Here, you are using Geographically Weighted Regression (GWR) only to explore the relationship between loan grades and interest rates.

Find and open the Geographically Weighted Regression (GWR) tool and run it with the following parameters:
- Input features : ZIP3Data4Analysis
- Dependent variable : Average Interest Rate
- Explanatory variable(s) : Average Loan Grade Rank
- Output feature class : the name of your output feature class such as AveIntRatesGWRAveLoanGrade
- Kernel type : Fixed
- Bandwidth method : Akaike Information Criterion

Ouch! The tool gives an error. It sounds serious, too!

Actually, this message is more of a caution than a stop sign. When you see this error, you should check the following:

Do you have sufficient features? Because Geographically Weighted Regression (GWR) creates local models, you should have 100 or more features in your Input features dataset. You have 815, so this is not the problem.
Geographically Weighted Regression (GWR) will fail if two or more explanatory variables are redundant. In your case, there is only one explanatory variable in your model, so this is not a problem.
Geographically Weighted Regression (GWR) will also fail when there isn't much variation in the explanatory variable values. Since the loan grades are mean rankings with little variation, this may be what is causing the problem. This may not be fatal, however. Often subtracting the mean from the explanatory variable values allows Geographically Weighted Regression (GWR) to solve. Let's try this.
Remarque :
There are additional suggestions given in the tool documentation for dealing with the severe model design error.

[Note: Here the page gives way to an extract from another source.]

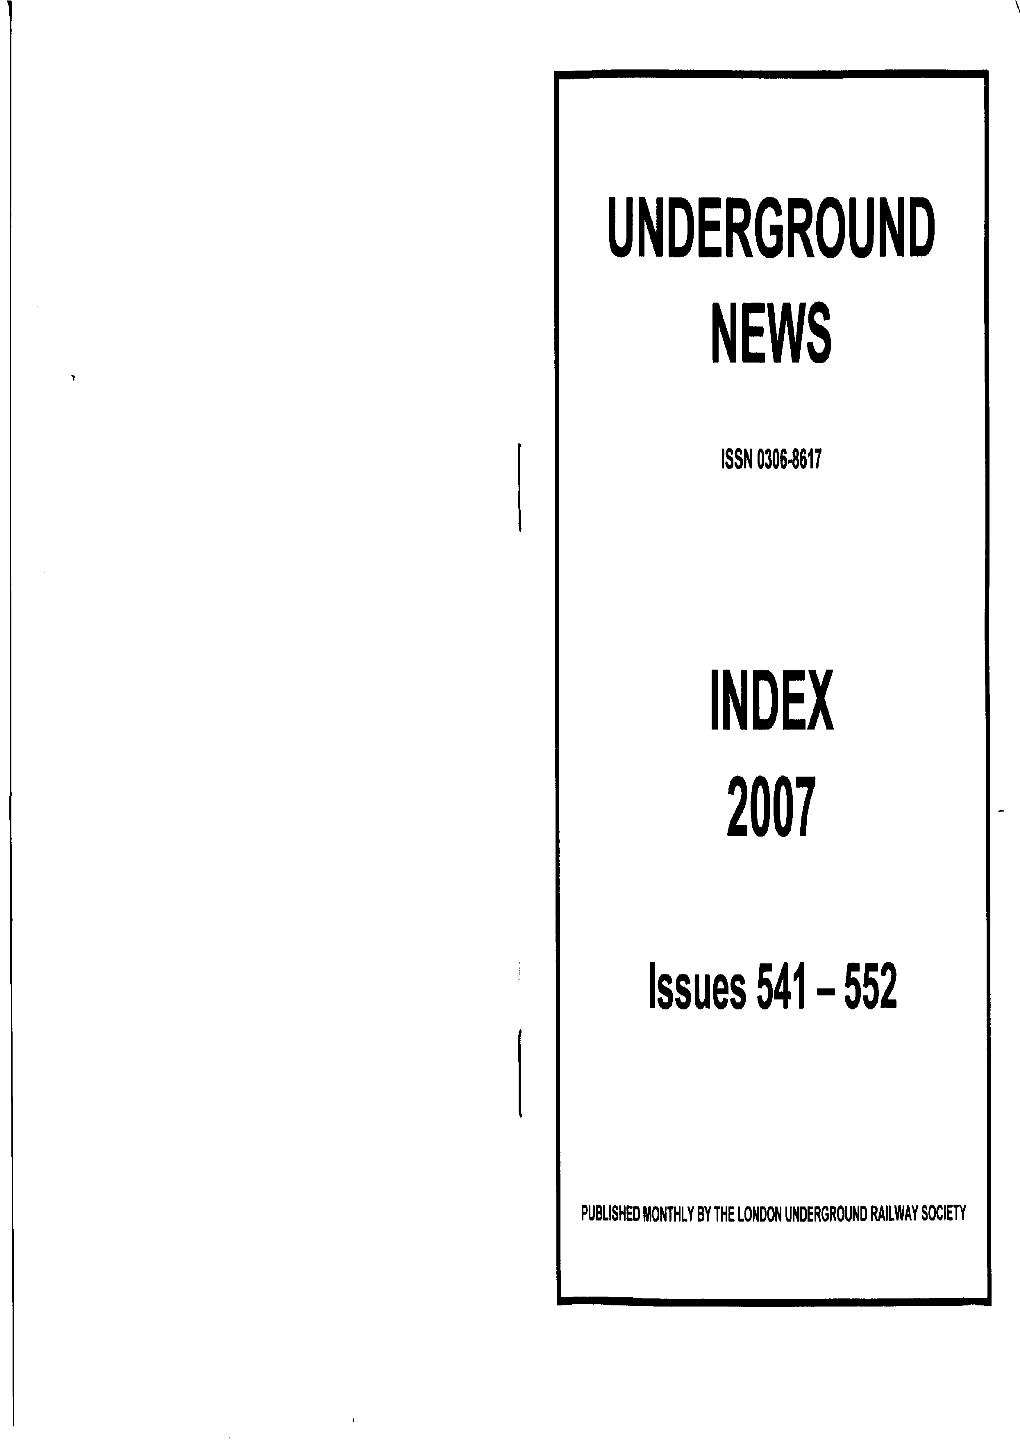 Underground News Index 2007
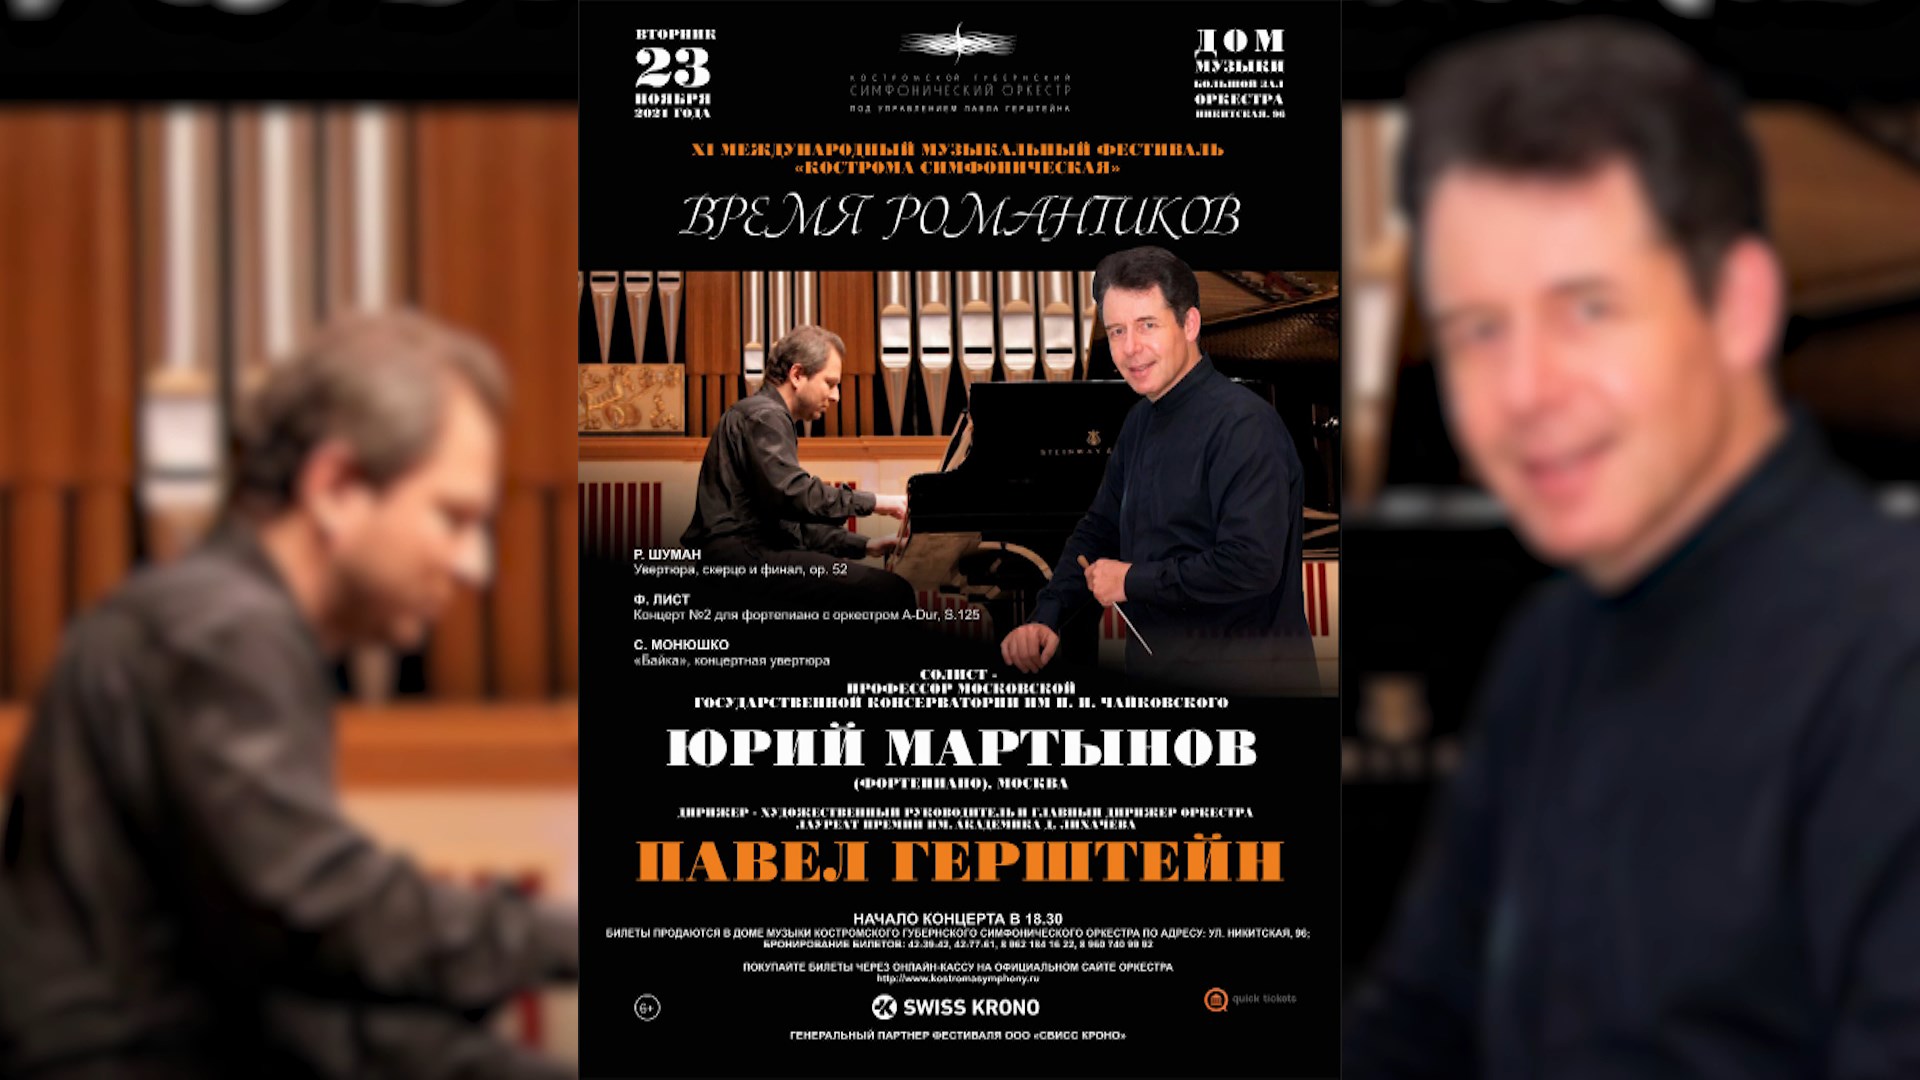 Костромской симфонический оркестр представляет «Время романтиков»

Once you've ruled out all other problems, you should identify the explanatory variables that are creating the problem (remove each explanatory variable one by one to identify the stinkers) and try transforming them as described below.

Use the Add Field tool with the following parameters to create a field to hold the transformed values.
- Input Table : ZIP3Data4Analysis
- Field Name : tAveLoanGrade
- Field Type : Float

Determine the mean value for the Average Loan Grade Ranking field by creating a histogram (which also reports the mean, median, and standard deviation).

Right-click the ZIP3Data4Analysis layer in the Contents pane, select Create Chart, and choose Histogram. On the Chart pane, set the X-Axis: Number parameter to Average Loan Grade Rank.

Notice that the mean value is 12.17.

Histogram of average loan grade rankings

Use the Calculate Field tool to compute the transformation of subtracting the mean value from each of the AveLoanGrade values:
- Input Table : ZIP3Data4Analysis
- Field Name : tAveLoanGrade
- Expression : !AveLoanGrade! - 12.17
Run Geographically Weighted Regression (GWR) again, this time using the transformed variable:
- Input features : ZIP3Data4Analysis
- Dependent variable : Average Interest Rate
- Explanatory variable(s) : tAveLoanGrade
- Output feature class : the name of your output feature class such as AveIntRatesGWRAveLoanGrade2
- Kernel type : Fixed
- Bandwidth method : Akaike Information Criterion
This time, there is no error. Expand the status area at the bottom of the Geoprocessing pane to see the tool execution messages. Notice that the model has improved. Because Geographically Weighted Regression (GWR) allows relationships to change at each ZIP3, the adjusted R² value is now almost 97 percent (up from 94 percent).

Like Ordinary Least Squares regression (OLS), the output map from Geographically Weighted Regression (GWR) shows where the model predictions are either higher or lower than the actual average interest rate values. More interesting to your objectives, the output layer also contains a field with the coefficient value for each ZIP3. The larger the coefficient, the stronger the relationship is between average interest rates and average loan grades.

Right-click the AveIntRatesGWRAveLoanGrade2 layer in the Contents pane and choose Symbology.
Set the Field to Coefficient #1 tAveLoanGrade. Set the Method to Quantile. Pick a color ramp that best represents small to large (a graduated color ramp rather than a divergent color ramp). The Yellow-Orange-Brown continuous color ramp, for example, works well.

The lightest areas are the locations where average loan grades have a weak correlation to average interest rates. The darkest areas are locations where this relationship is strong.

GWR coefficient map — Relationship between average interest rates and average loan grade rankings

Final thoughts

This case study presents a workflow that tests the assumed, unquestioned relationship between average loan grades and average interest rates. It evaluates notions of equity and disparate impacts that exhibit spatially. These same methods could be applied to other applications where there are assumed correlations. For example, locations with higher average incomes should pay higher average income taxes. Is this consistently true? Where is it less or more true across the country? Locations with appropriate growing conditions should produce higher yields. Is this always the case, everywhere? If not, why not? Schools with better teacher-to-student ratios should have higher test scores. Testing and mapping these expected relationships may lead to unexpected, and very interesting, findings.